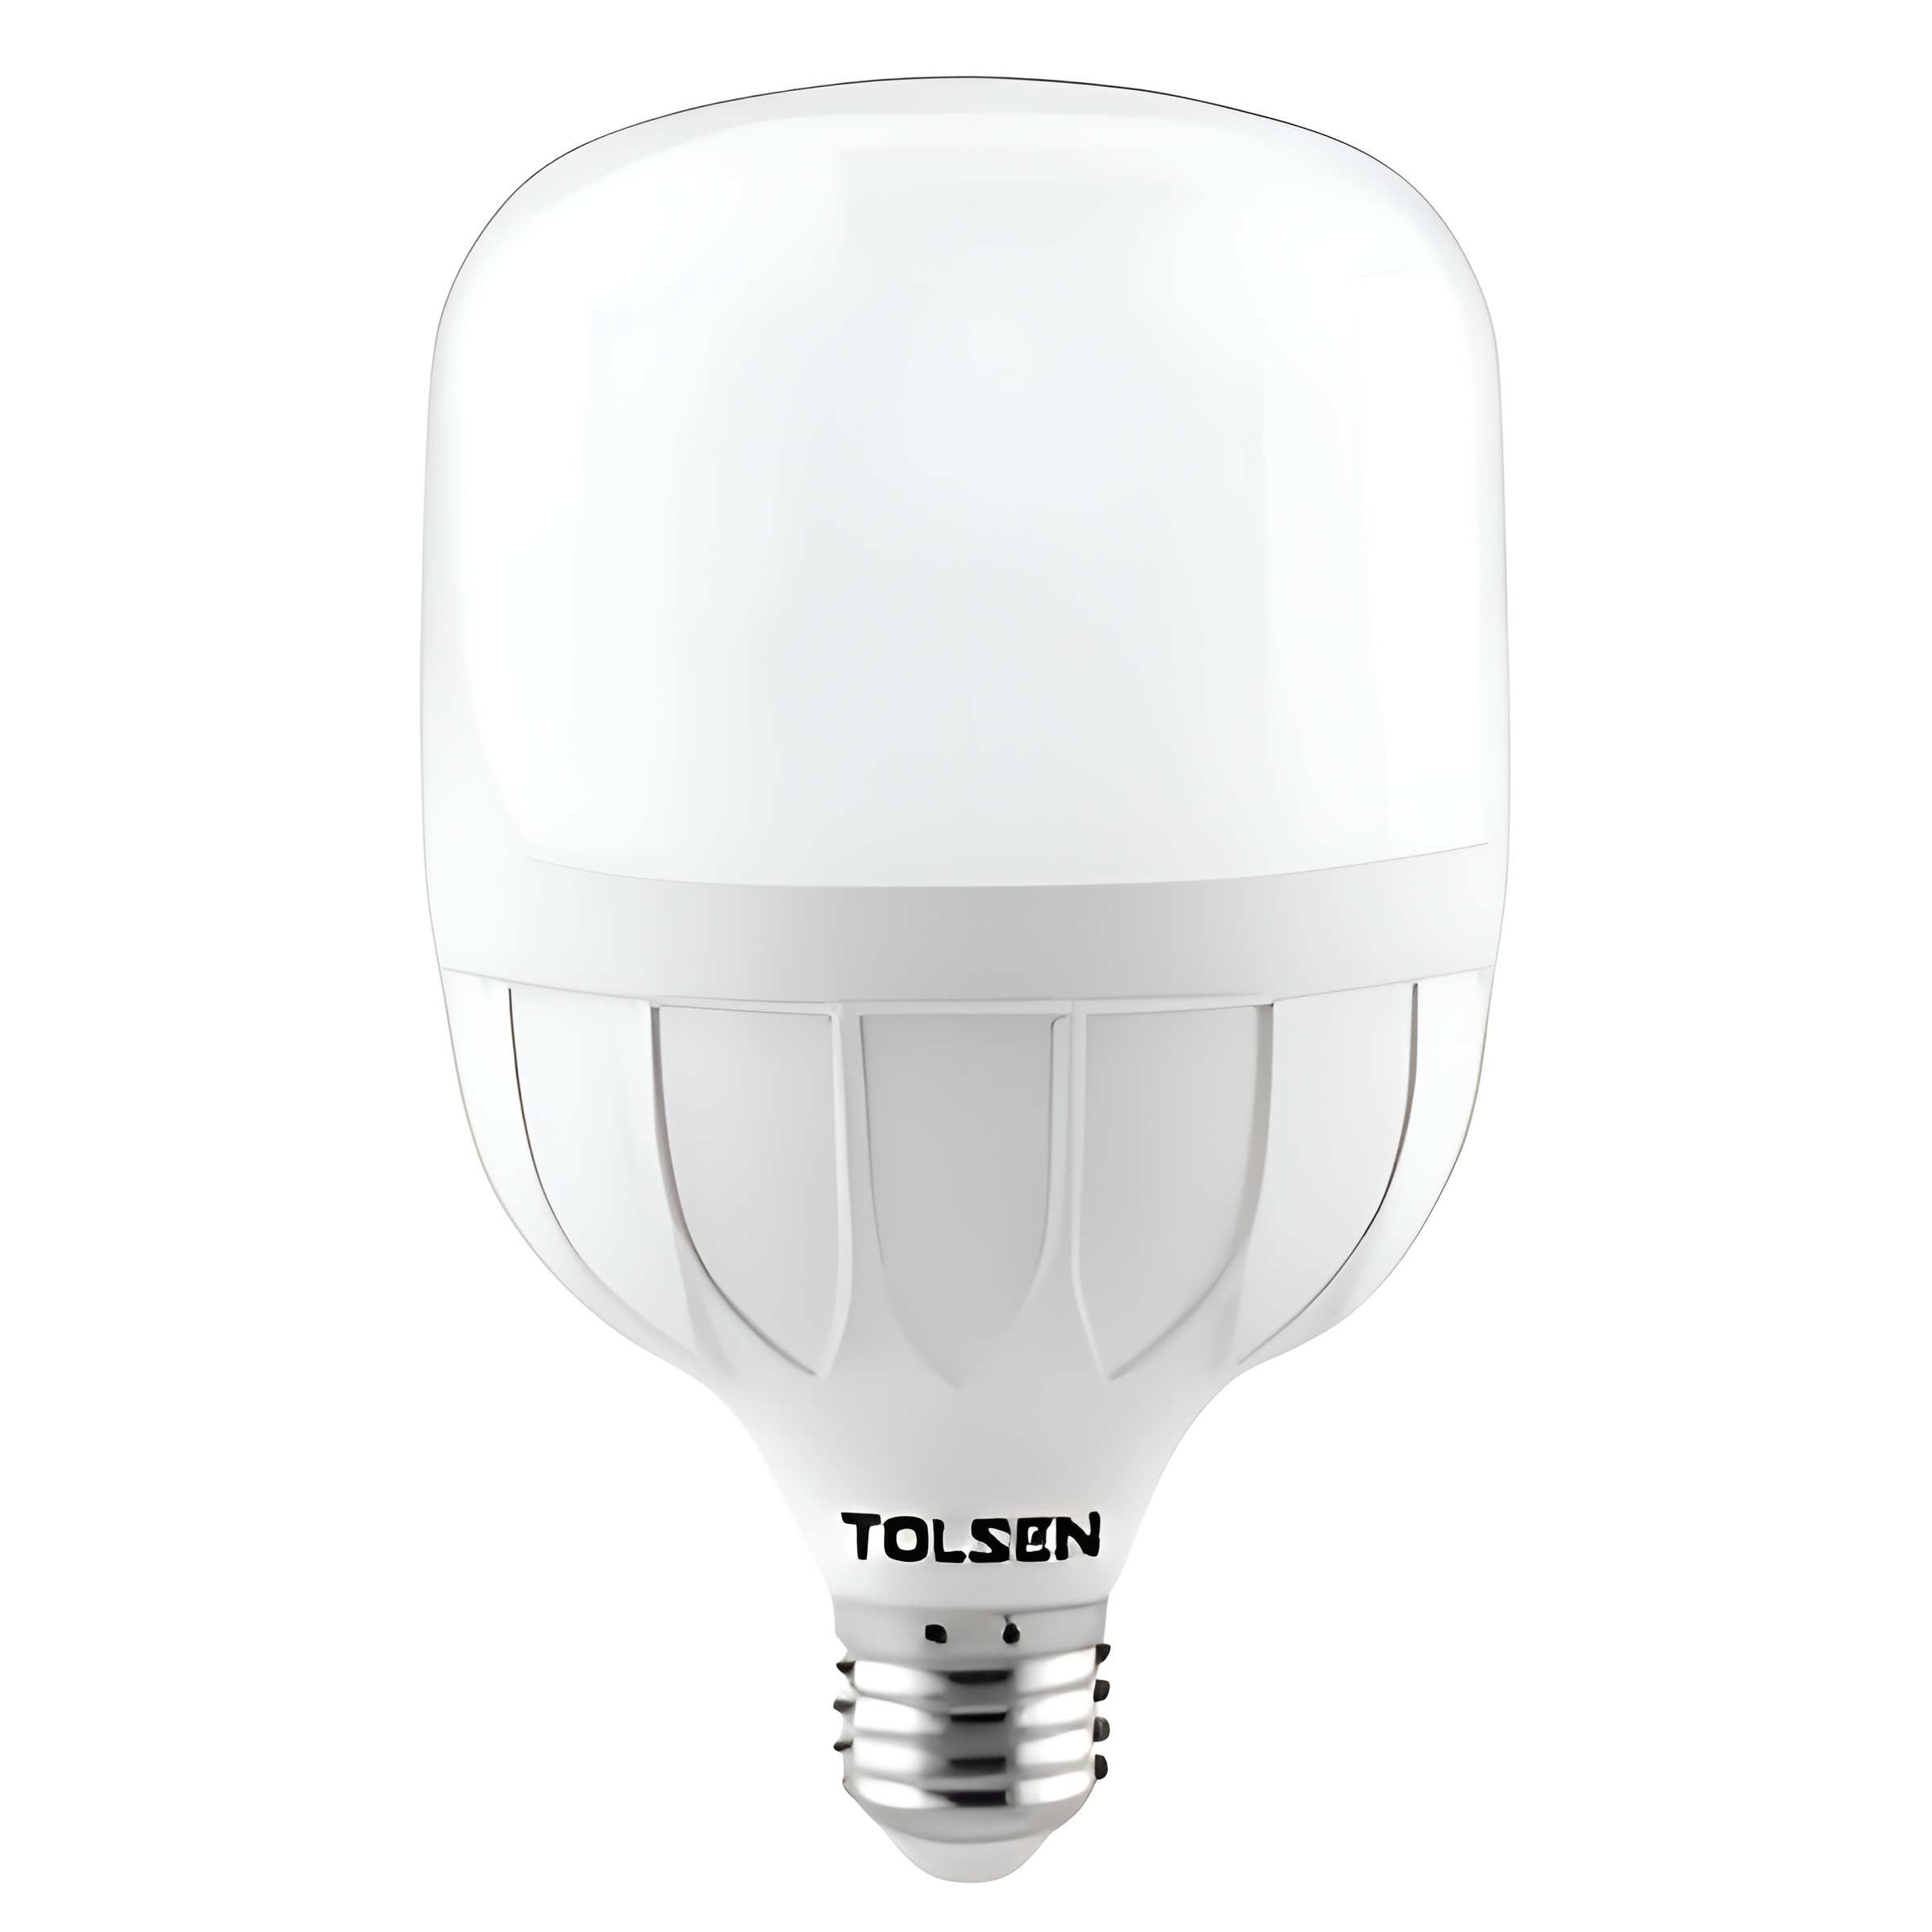 Hình ảnh 1 của mặt hàng Đèn LED Bulb 40W Tolsen 60213
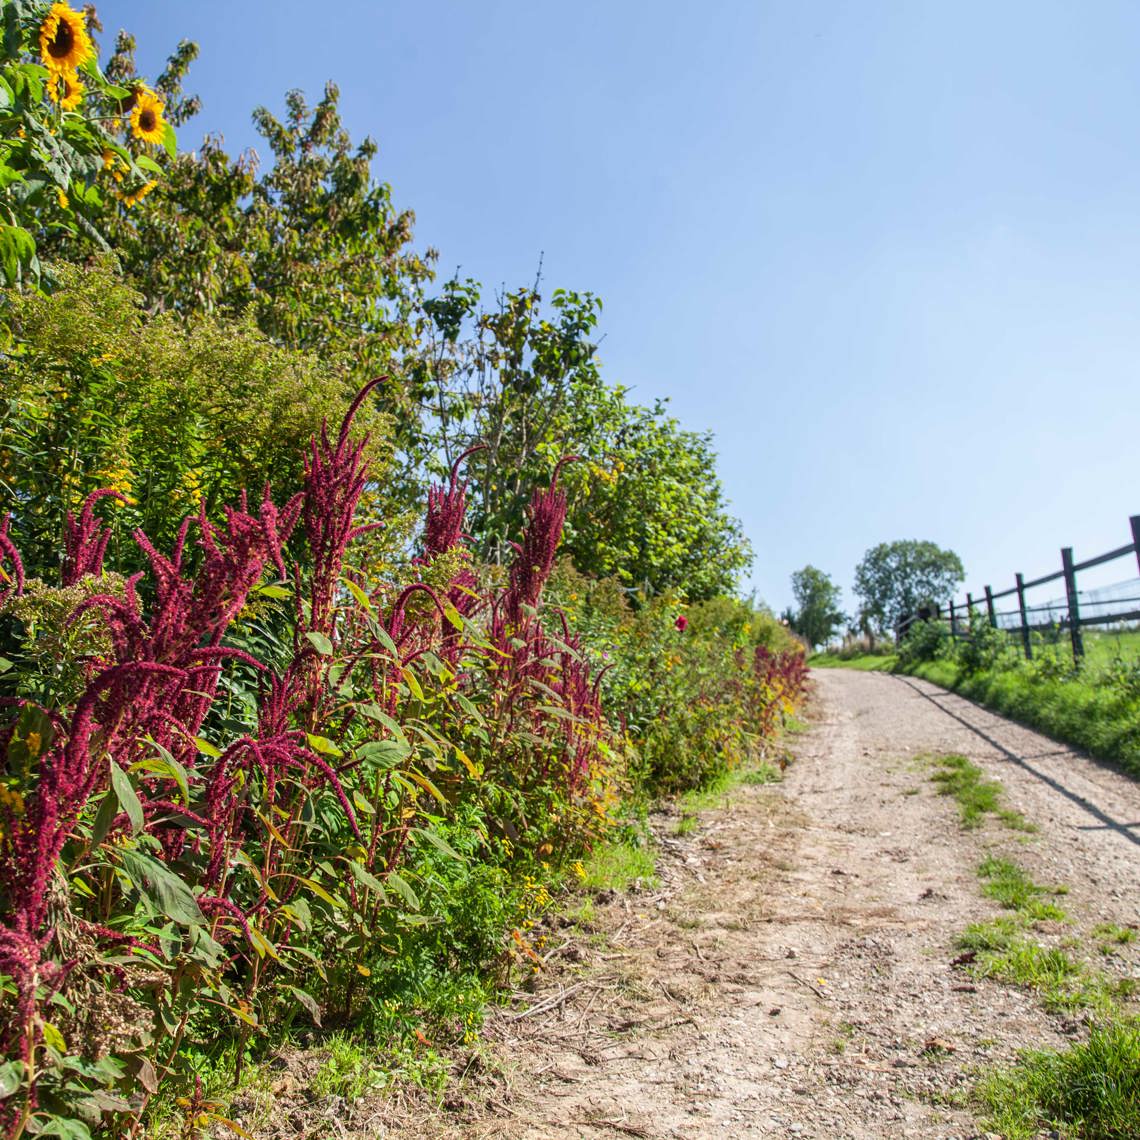 Voetpad in het heuvelland met rode bloemen en een hek langs een weiland
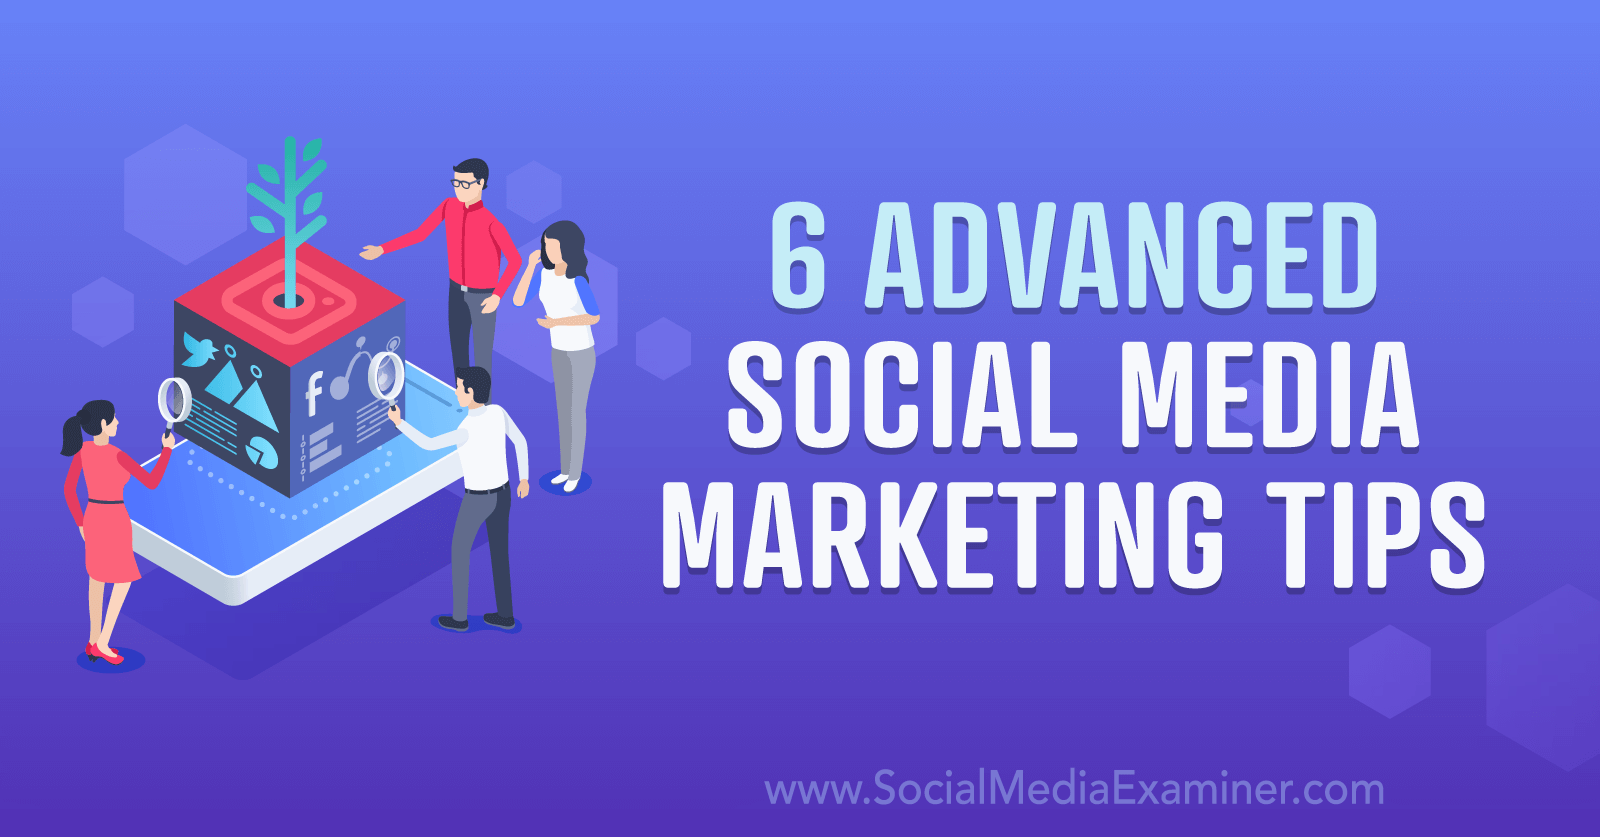 6 Advanced Social Media Marketing Tips by Social Media Examiner
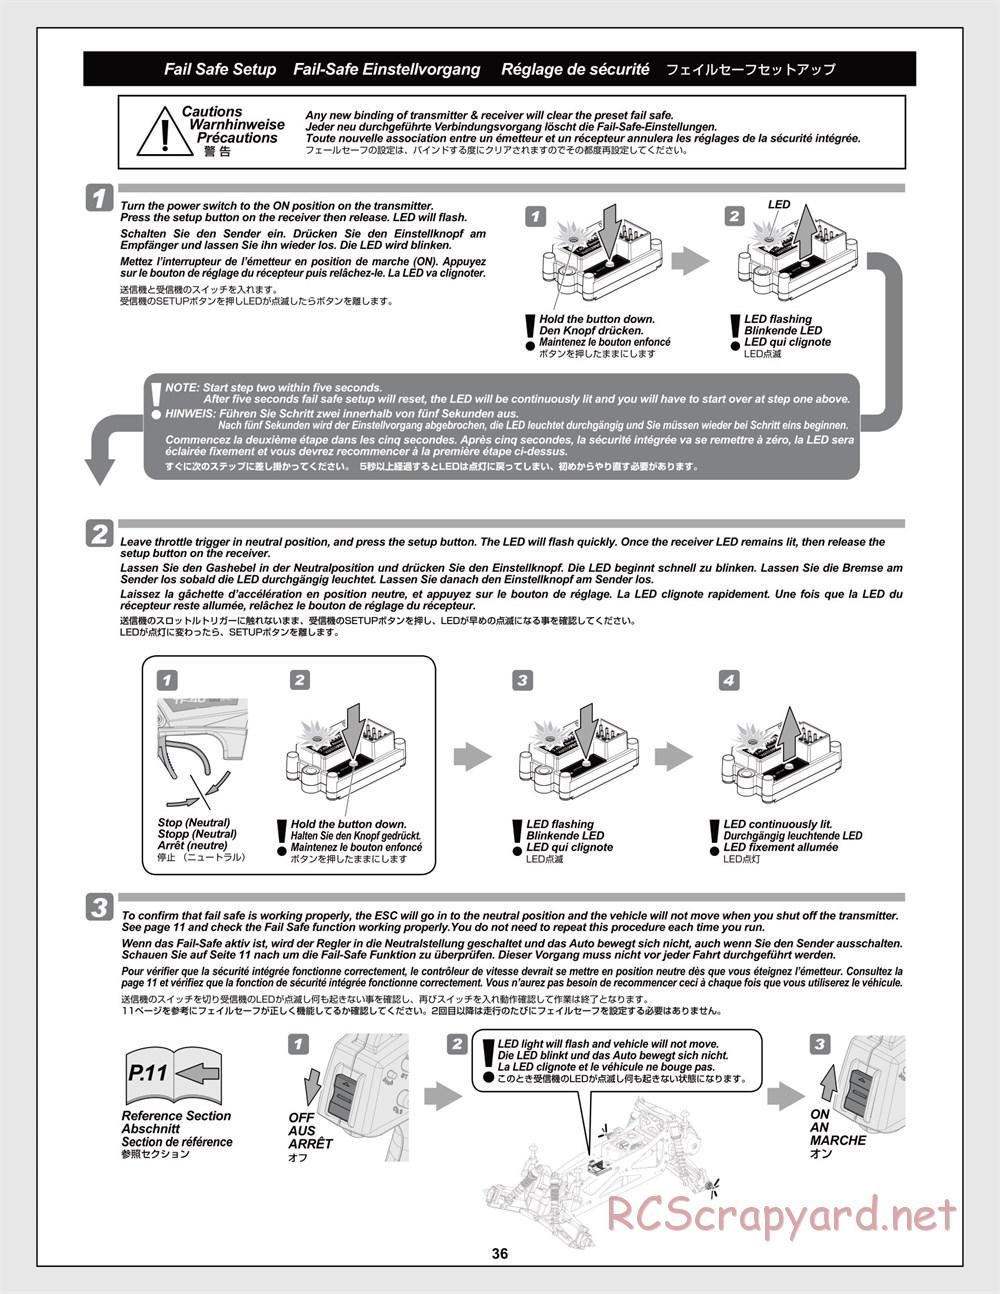 HPI - Jumpshot MT V2 - Manual - Page 36

Problem statement: Retyping is limited to the line with "6 Advanced Social" and the lines after it in the material above; give them exactly and leave out the pictures.

Response to the task:
 6 Advanced Social Media Marketing Tips by Social Media Examiner
 HPI - Jumpshot MT V2 - Manual - Page 36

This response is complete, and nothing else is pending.